Collected data Block Start

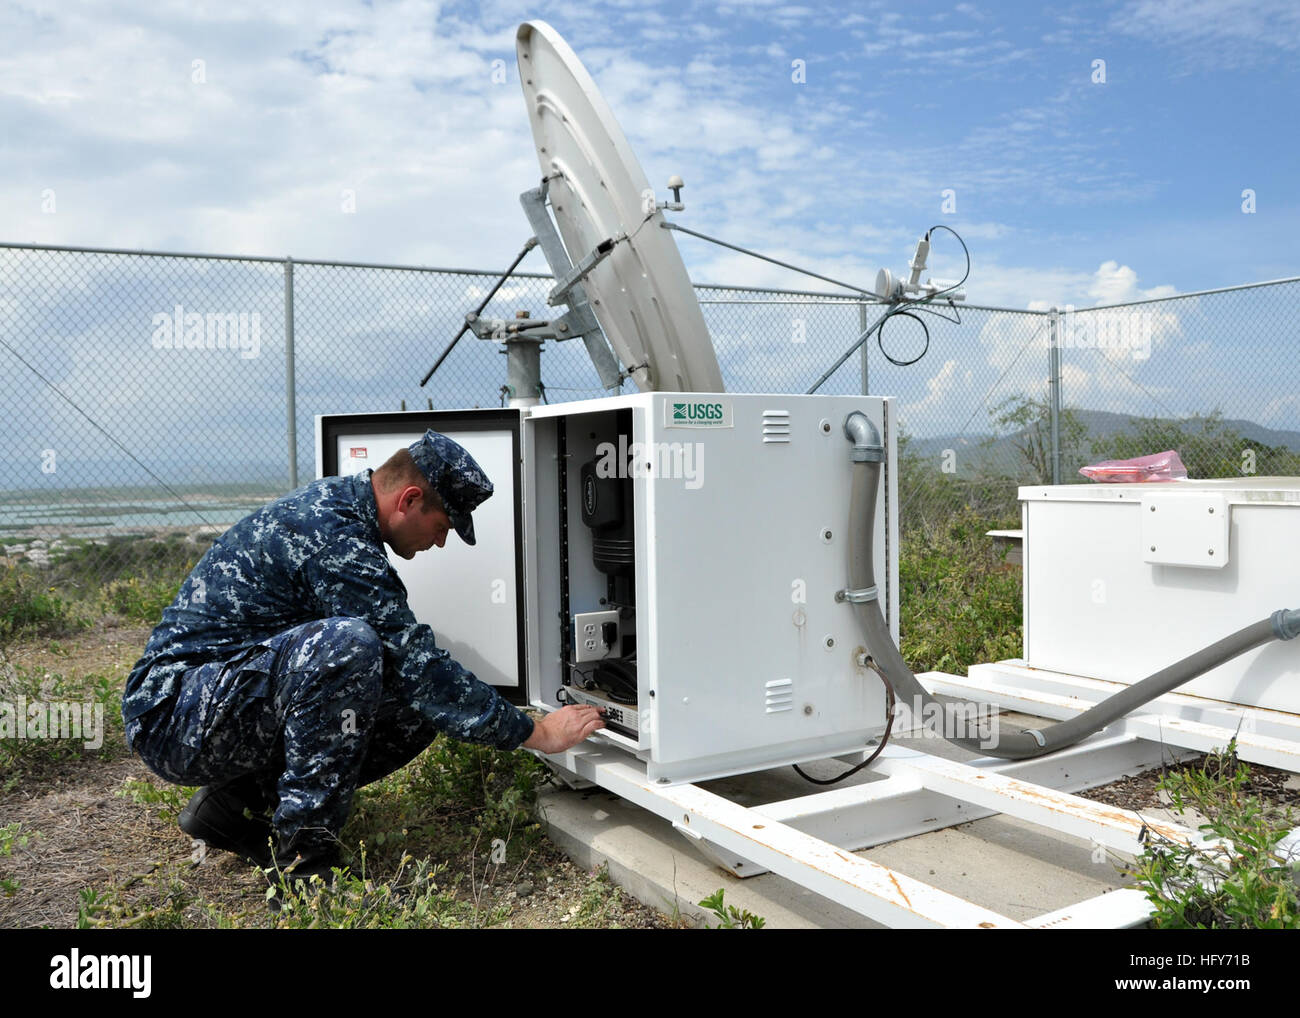 100518-N-8241M-021 GUANTANAMO BAY, Cuba (May 18, 2010) Electronics Technician 1st Class Michael Schiltz, assigned to Naval Station Guantanamo Bay (GTMO), Cuba, adjusts a modem on a U.S. Geological Survey (USGS) remote seismic station. GTMO has one of nine remote seismic stations in the Caribbean that are used to monitor seismic activity. Schiltz works with the USGS to insure the equipment is maintained and in good repair. (U.S. Navy photo by Chief Mass Communication Specialist Bill Mesta/Released) US Navy 100518-N-8241M-021 Electronics Technician 1st Class Michael Schiltz, assigned to Naval St Stock Photo
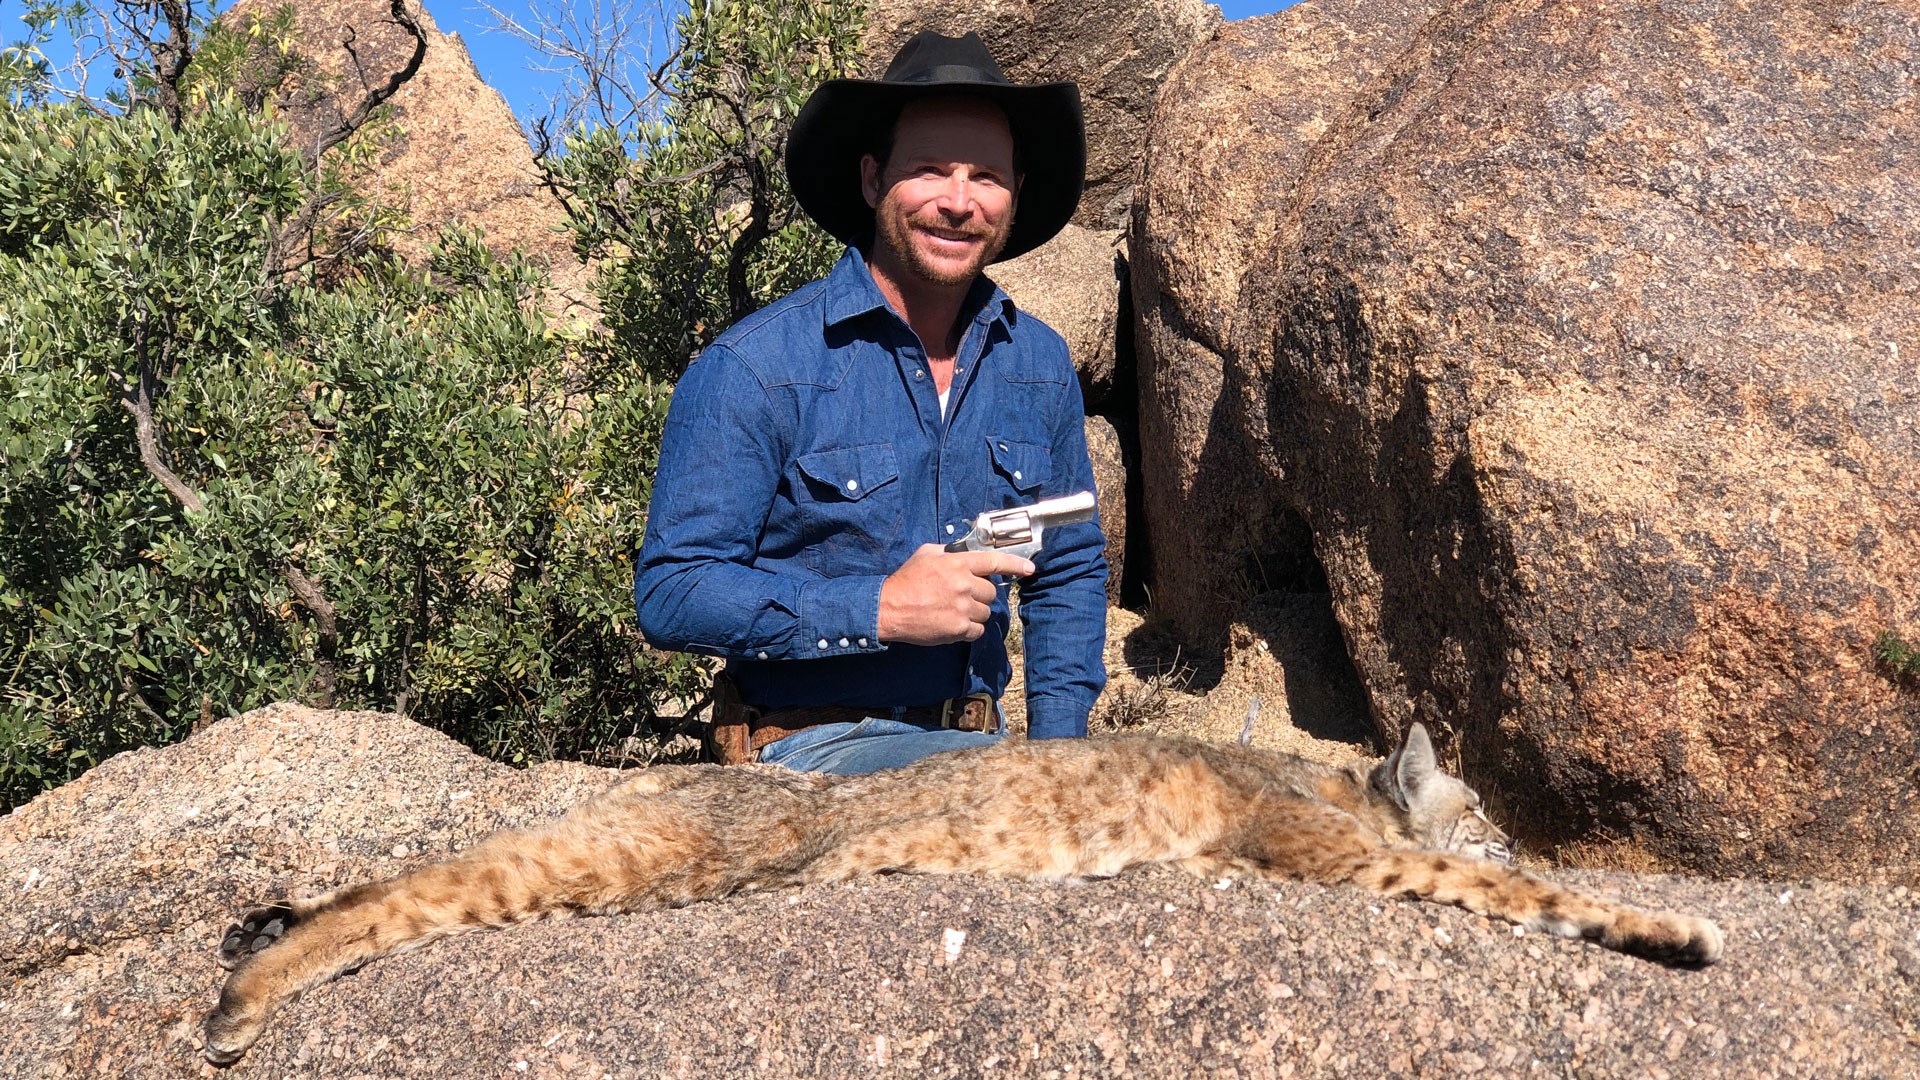 The author poses with a gun on a bobcat
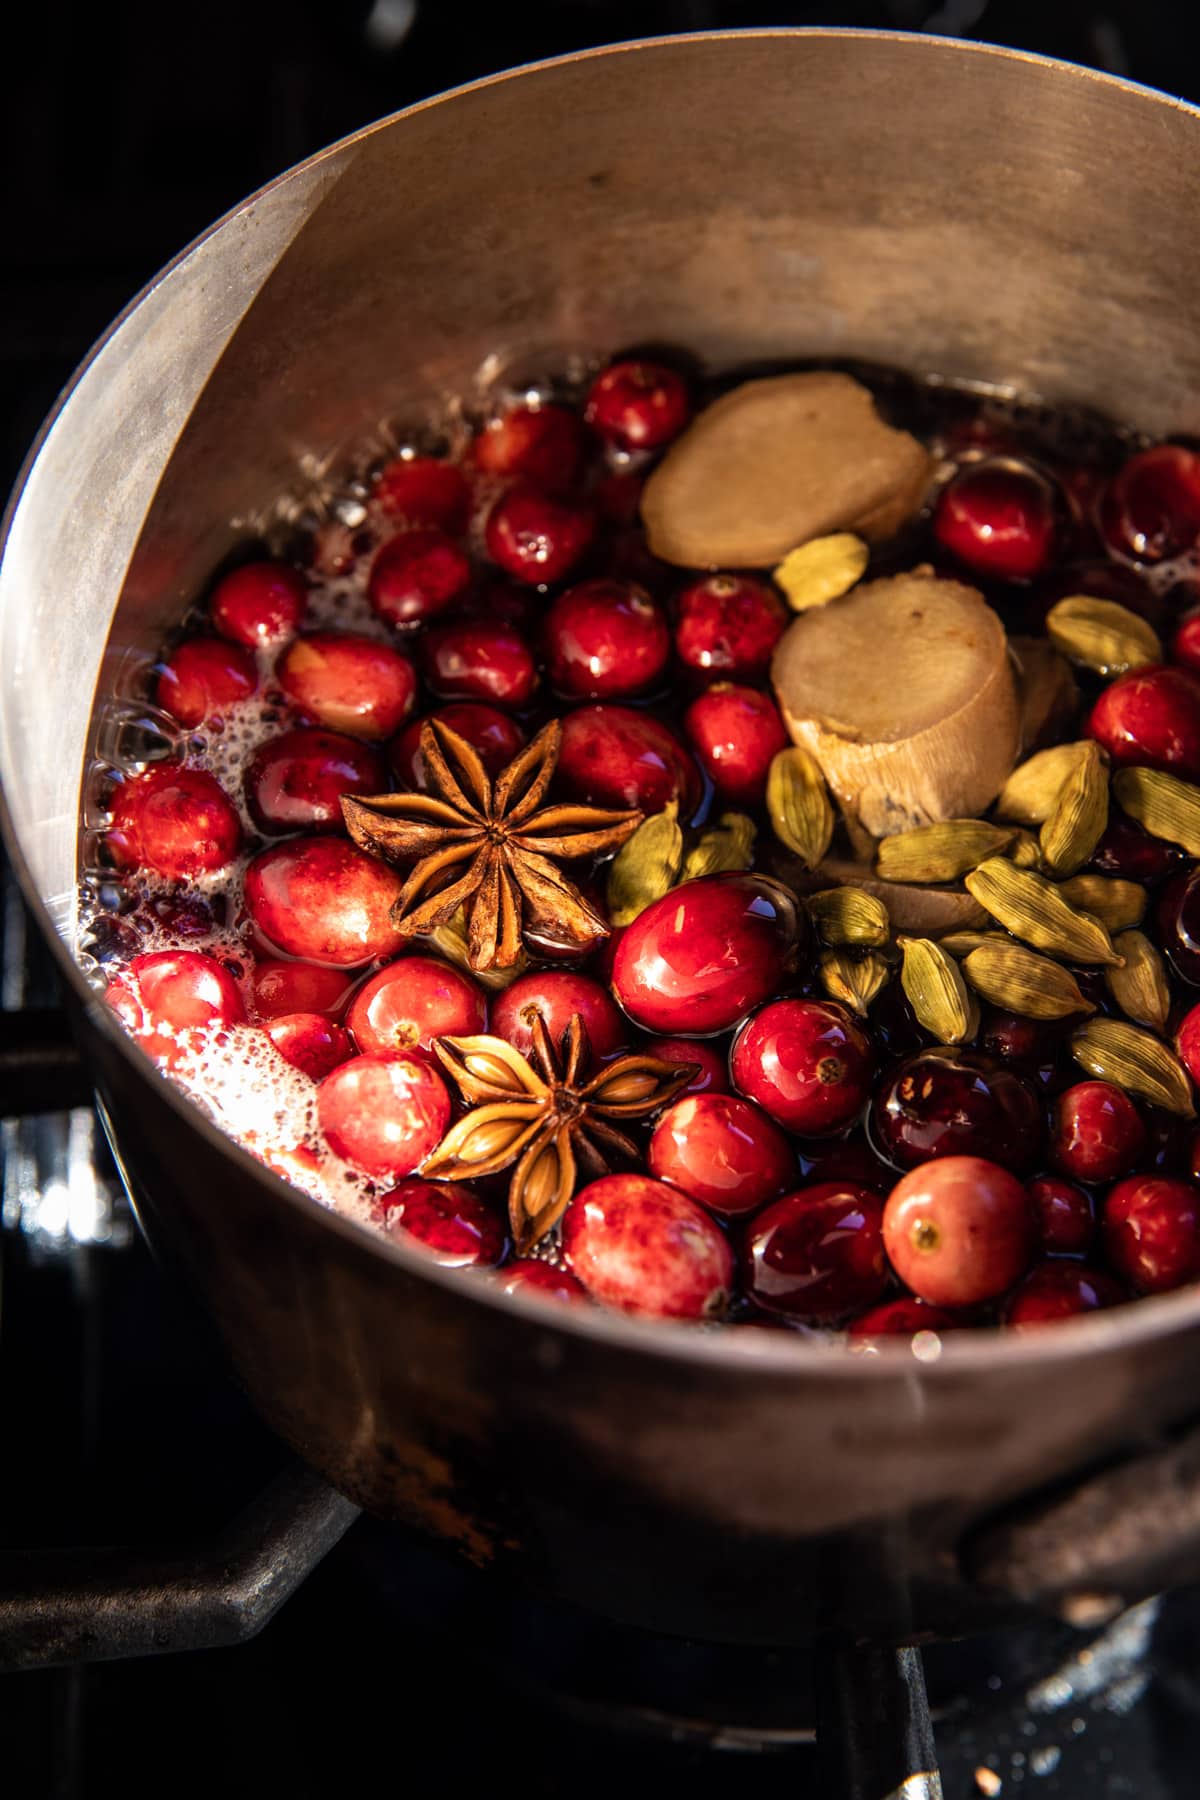 Spiced Cranberry Thyme Moscow Mule | halfbakedharvest.com

Collected data Block End

*Problem to work on*
Your answer must be the lines from the line containing "The author poses with a gun on a bobcat" through the final line of the data, written out exactly, both ends included and pictures left out.

*Answer box*
 The author poses with a gun on a bobcat
 Spiced Cranberry Thyme Moscow Mule | halfbakedharvest.com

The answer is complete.